Huh, A dwarvin ranger who ships wild critters to re-pop the wildlife [not the bar kind of wildlife!] on the island? /brainstorm


----------



## KirayaTiDrekan (Mar 14, 2014)

From an in-world perspective, the dwarves are currently focused on rebuilding their military ability.  The official reason is so they can defend themselves against any and all threats.  A great many dwarves, however, want revenge on the orcs.


----------



## Herobizkit (Mar 14, 2014)

In that sense, mah Dwarf could be one of those 'crooked cops' who always seems to find issues with Humanoid shipments...

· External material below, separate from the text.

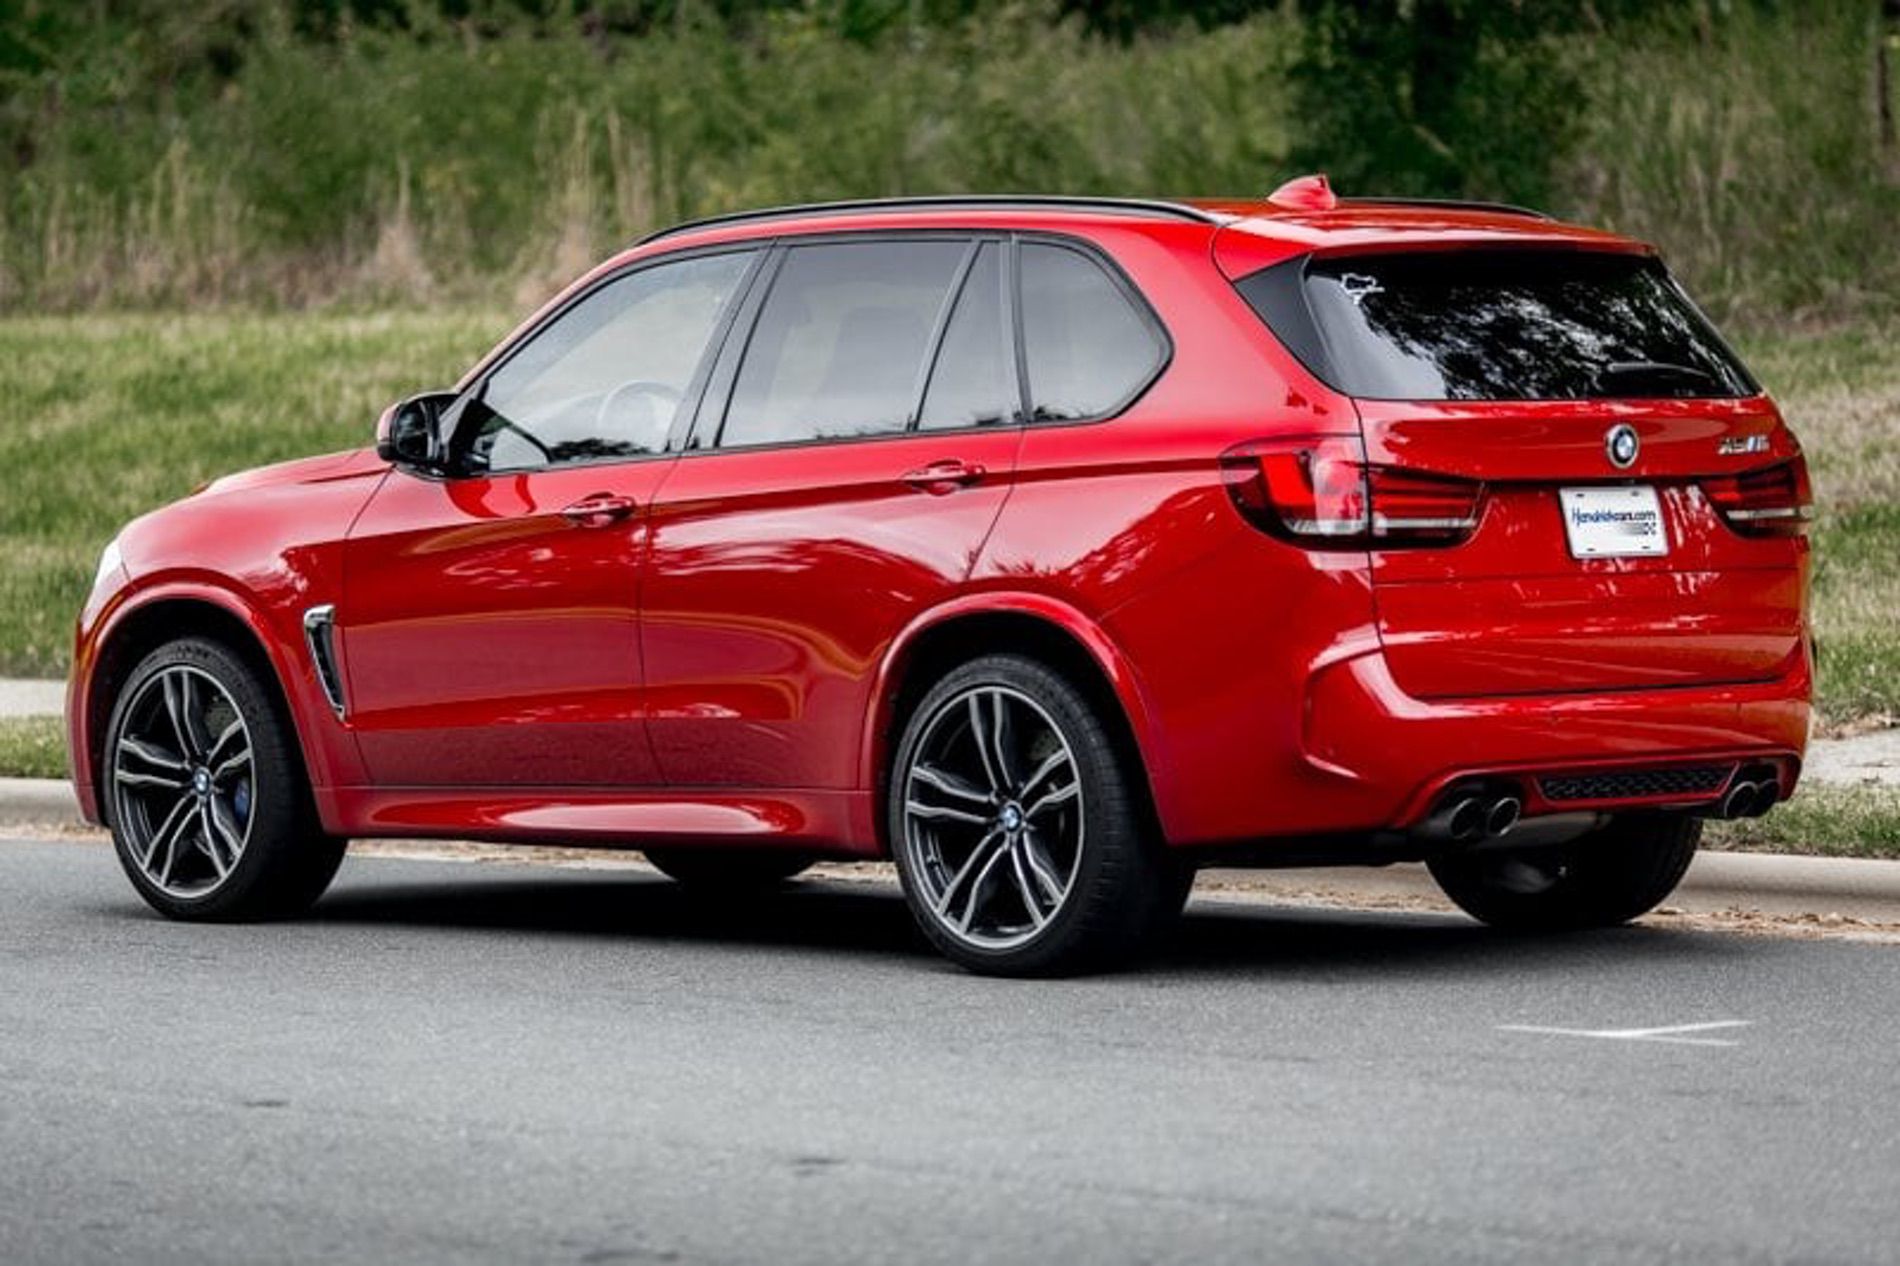 Stunning 2016 BMW X5 M in Melbourne Red Metallic is up for sale | i NEW

Also, a Sea Ranger you say?  That sounds delicious.


----------



## Lwaxy (Mar 16, 2014)

Conputer gfx card died on me, got a new one now, but still having issues with something clogging my cpu capacity. Technology... gah. 

Anyway, the cleric looks all cool to me


----------



## KirayaTiDrekan (Mar 17, 2014)

I have just been laid off and am suddenly unemployed.

I'm going to put this game on a temporary hiatus until my situation is more stable.  Please continue to work on your characters as I hope to get back to this soon.

Thanks.


----------



## Scotley (Mar 17, 2014)

MasqueradingVampire said:


> I have just been laid off and am suddenly unemployed.
> 
> I'm going to put this game on a temporary hiatus until my situation is more stable.  Please continue to work on your characters as I hope to get back to this soon.
> 
> Thanks.




Hey best of luck. I'll be here when you are ready.


----------



## Scott DeWar (Mar 17, 2014)

good hunting!


----------



## KirayaTiDrekan (Mar 20, 2014)

Quick question before I go back to job hunting and such...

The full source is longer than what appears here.